Extracting eight bioactive peptides AMPs, ACPs, AIPs, AHPs, ADPs, AOPs, IMPs and NUPs from the database to construct a benchmark dataset; then, preprocessing the data of the reference data set through redundancy and homology deviation analysis, wherein 80% of sequences in the preprocessed data are used for constructing a training set, and 20% of sequences are used for constructing a test set;

step S2, a multi-label prediction model is established, and the multi-label prediction model consists of a feature embedding module, a multi-scale convolutional neural network CNN module, a BiGRU module for processing context related sequences and a classification module;

the characteristic embedding module converts the polypeptide biological sequence vector into a dense vector with a fixed size; amino acids { A, C, D, E, F, G, H, I, M, N, P, Q, R, S, T, V, W, Y } are assigned to natural numbers {1, 2,3, 4, 5, 6, 7, 8, 9, 10, 11, 12, 13, 14, 15, 16, 17, 18, 19, 20}, and a zero-filling method is used to prepare a secret vector with a fixed size of 500×500 dimensions; the feature embedding module has an embedding size value of any one of 50, 100, and 150;

the multi-scale convolutional neural network CNN module consists of an encoding module and a decoding module, is formed by stacking a plurality of parallel convolutional blocks, wherein the input of each node in a convolutional layer is a small block of the upper layer of neural network, and the sequence is encoded by a plurality of convolutional pooling layers to extract the global characteristics of the sequence; the pool size value of the CNN module is 3 or 5;

the BiGRU module for processing the context related sequence receives forward input and learns reverse input to extract the context information through the forward and reverse gating circulating units GRU; the GRU unit value of the BiGRU module is any one of 50, 100 and 150;

the classification module adopts a full communication layer as a classification module, converts the output of the convolution layer into a vector mode, and simultaneously connects each output neuron with each input neuron; the full-connection dimension value of the classification module is 128 or 256;

step S3, training the constructed multi-label prediction model by using the acquired data set, and

the optimization algorithm is adopted to improve the model feature extraction and parameter prediction performance; the training learning rate value is 0.01 or 0.001;

and S4, evaluating the performance of the multi-label prediction model through five indexes including calculation precision, coverage rate, accuracy, absolute true value and absolute false value.

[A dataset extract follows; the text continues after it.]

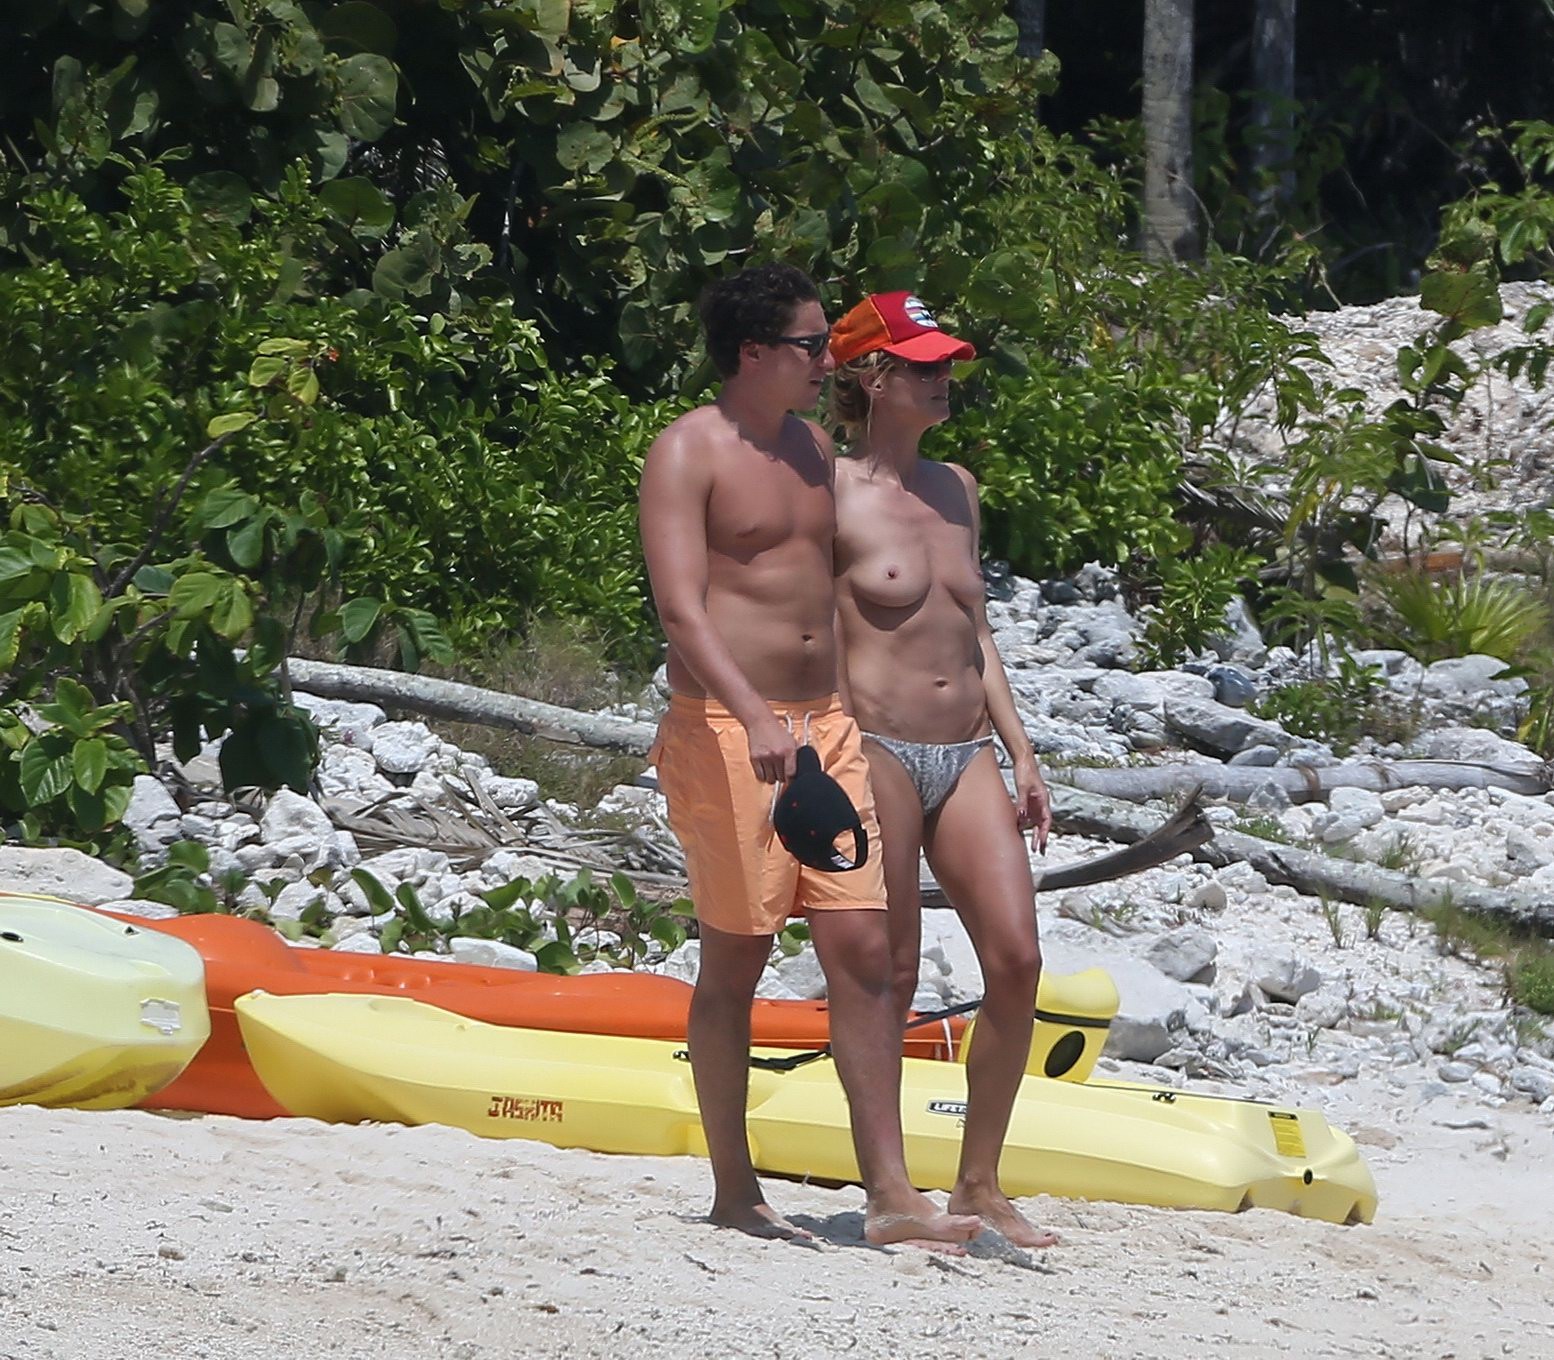 Heidi Klum teasing topless with her BF at the beach in Mexico #75199058
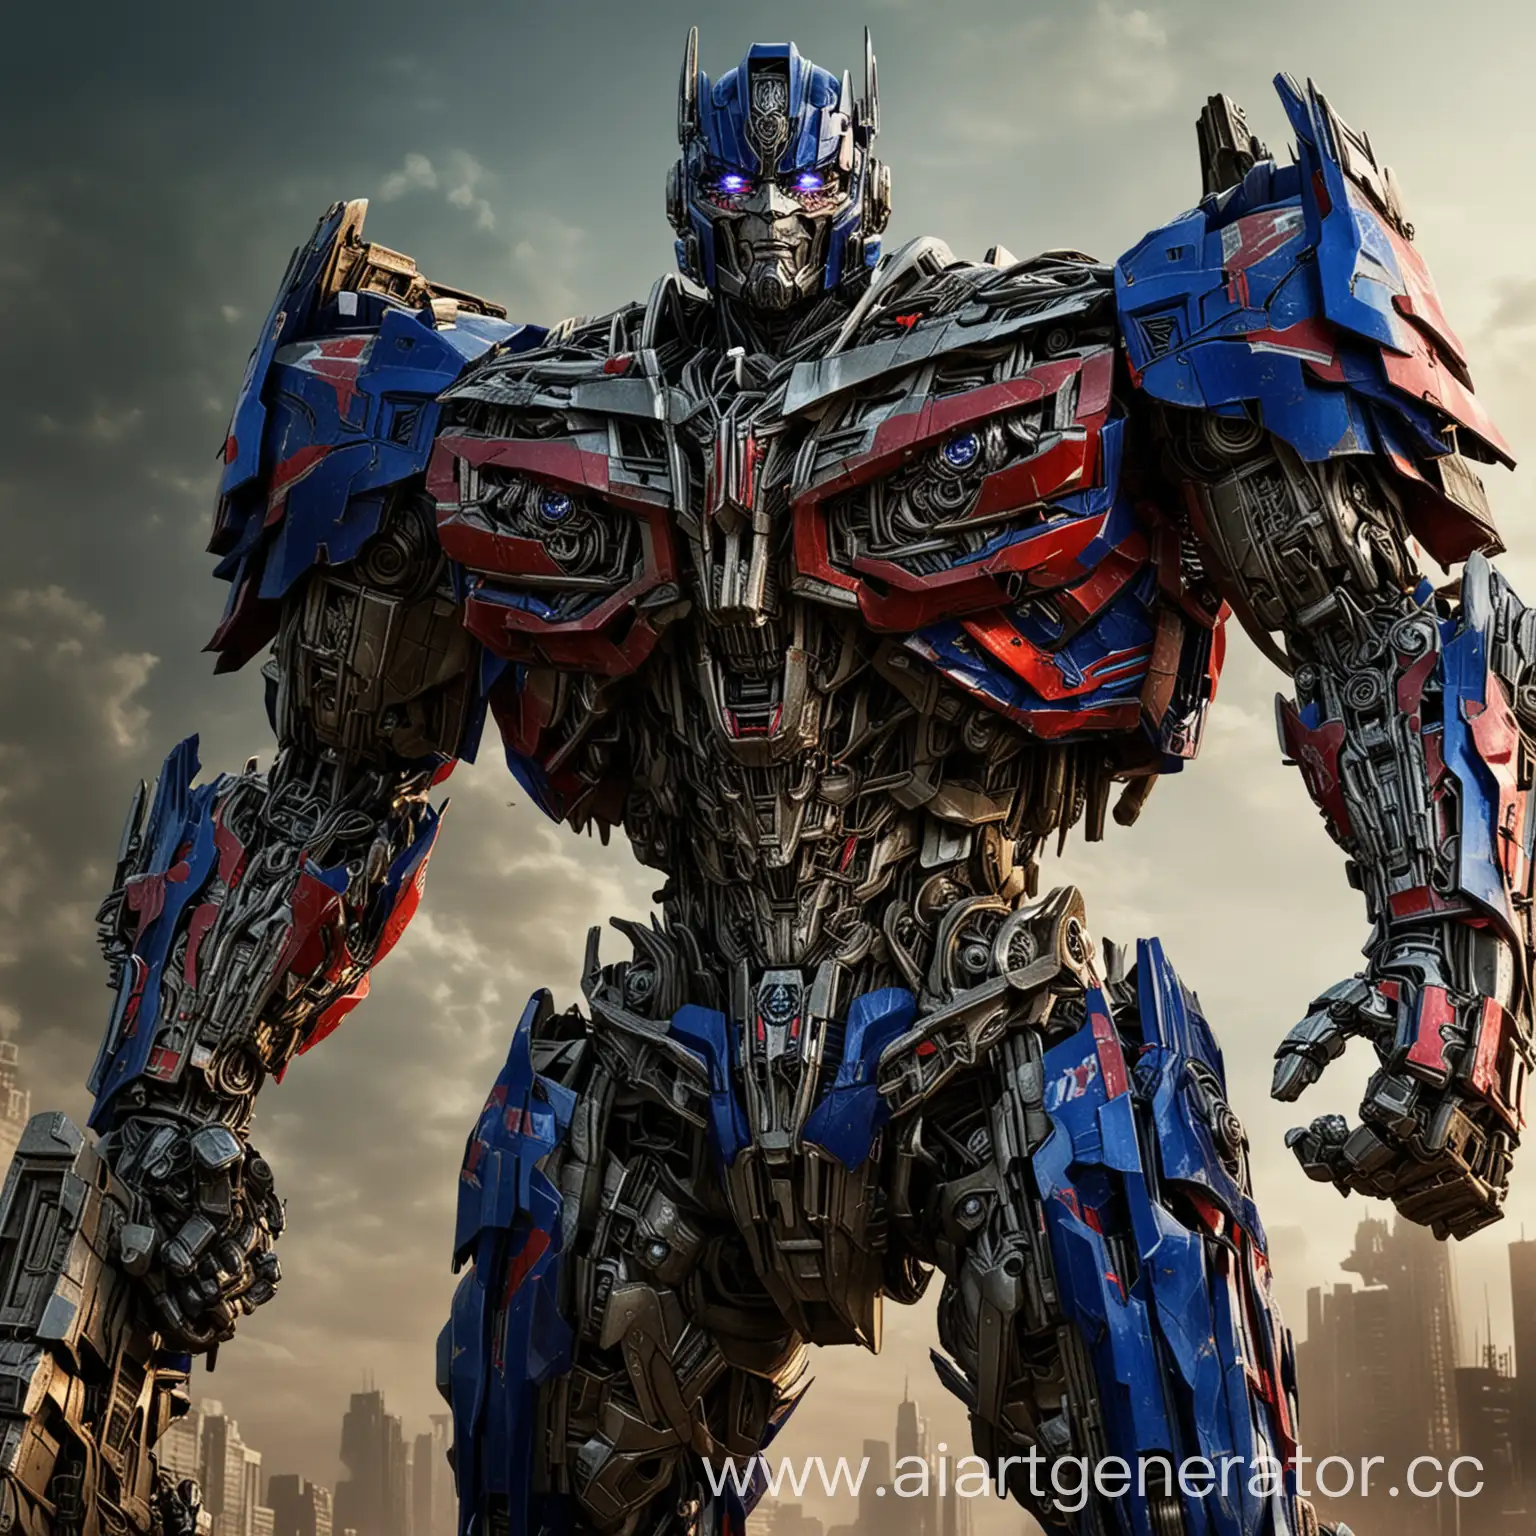 Transformers-8-Epic-Battle-with-Optimus-Prime

Further, in step S1, the database includes DRAMP, antiCP, preAIP, MAHTPRED, bioDADpep and Uniprot; the pretreatment process is to delete sequences with similarity more than 90% by using a protein sequence or nucleic acid sequence clustering tool CD-HIT, so as to avoid redundancy and homology deviation in each functional peptide data set.

Furthermore, in step S2, before implementing the embedding mechanism, the polypeptide is converted into a filling carrier, and then the filling carrier is input into the multi-tag prediction model, wherein the length of the polypeptide is 5-500 amino acids, and the filling carrier with the same length can be treated as an input file.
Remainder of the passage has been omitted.